As of this past Thursday, they finally pulled the plug.
Shell Exits US Southcoast Wind Farm Contract, Agrees to Pay Penalty https://t.co/94m3UO0NPi
— CSP- Uwe Roland Gross (@CSPGross) November 5, 2023
Interestingly enough, major ESG investors in companies like Shell were also busy telling climate activists attempting to pressure the corporations through stockholder resolutions to, basically, suck wind.
Big U.S. investors at the top five western oil firms’ shareholder meetings this year rebuffed an activist group’s resolutions to align their emission targets with the Paris climate pact, in contrast to some European peers, voting data showed.
Netherlands-based activist group Follow This was created first to target Shell (SHEL.L) and subsequently expanded to file climate resolutions at other western majors including BP (BP.L), Exxon Mobil (XOM.N), Chevron (CVX.N) and TotalEnergies (TTEF.PA).

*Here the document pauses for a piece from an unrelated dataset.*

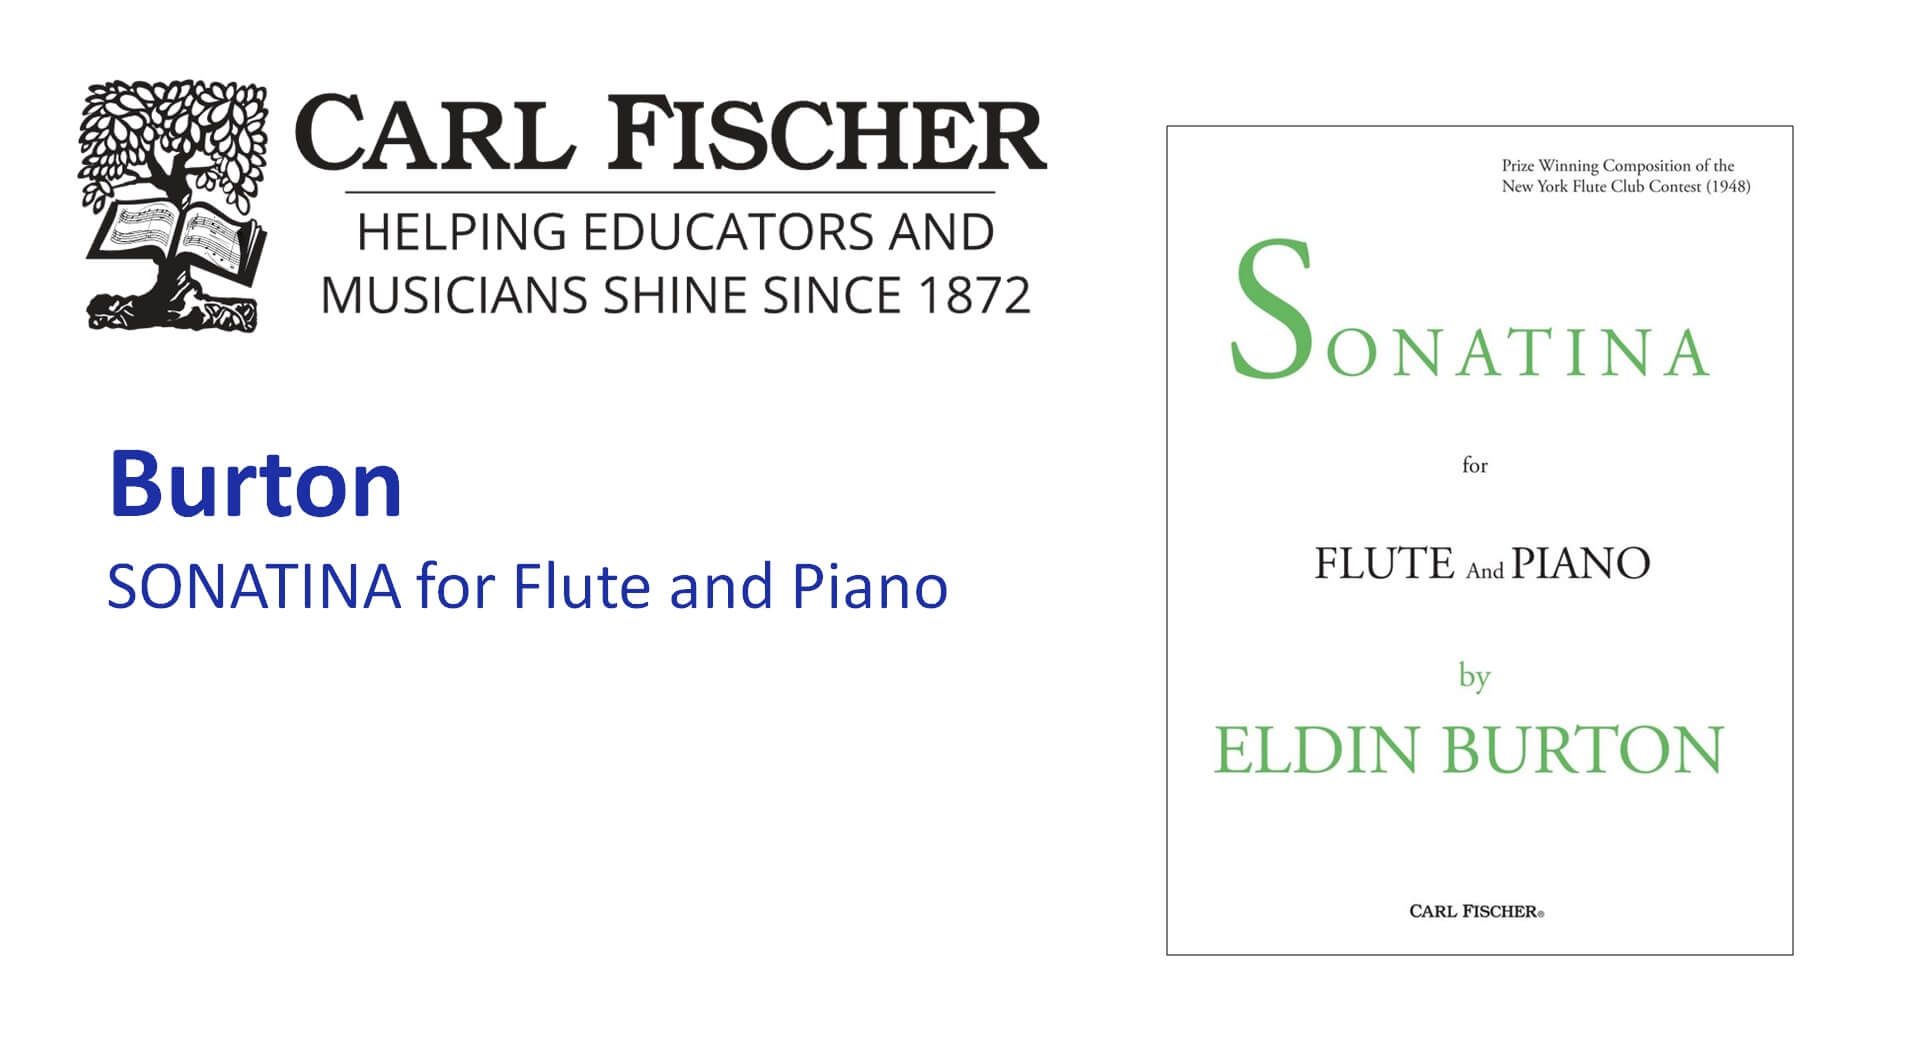 Burton SONATINA for Flute and Piano

According to the data published by it and investors, giant U.S. investors BlackRock (BLK.N), Vanguard, State Street (STT.N) and JPMorgan (JPM.N) all voted against the Follow This resolutions this year.
The resolutions asked the groups to align their 2030 end-use emissions targets with the Paris goal of keeping warming well below 2 degrees Celsius (3.6 Fahrenheit) above pre-industrial levels, which scientists say will mean cutting greenhouse gas emissions by around 43% from 2019 levels.
Is the Green gig up? I mean, if you can’t even get the social credit score investment people to vote for your feel good climate extortion, how bad is the real story?
Or how much money are they making on the fossil fuels?
They’re all hypocrites. Every last one of them.
Even the Biden administration and wind industry aficionados, while still flinging money and cheerleading to the best of their limited ability, are facing the inevitable, and trying to crawl backwards while maintaining a sense of bravado.
…Even if offshore wind did grow quickly, it would still be tiny in terms of overall percentage of the pie. Without additional policy support, it would account for less than 2% of total installed energy capacity in 2030, according to Michelle Solomon, an electricity analyst with Energy Innovation, a non-partisan energy and climate research firm. Some cancellations would be replaceable by other sources, like solar and batteries.
“There are many pathways forward,” she said.
“Offshore wind is not that crucial.”
Wait,WHUT?! I thought we were all going to boil without it? So none of the whales, fishes, dolphins or horseshoe crabs HAD to die?
I’m sorry – that’s a keeper quote there, for the next time a Green weenie starts shrieking we have to have it OR ELSE.
…Offshore wind has had a terrible year. Fully a quarter of all US deals have been canceled. Meanwhile, the cost of electricity from subsidized offshore wind is up almost 50% from 2021, according to calculations by BloombergNEF, an energy research firm.
…Energy Innovation’s Solomon also said policymakers are looking to help with permitting reform and other supports that will decrease the time it takes projects to come to fruition. “We are not looking at a total turning away from wind,” she said. “Things are just going to be happening a little slower.”
They’ll keep throwing money at it. And giving the farm away.
We don’t have to sit still for it, though, and we know that.
This was good news, again. Every victory counts.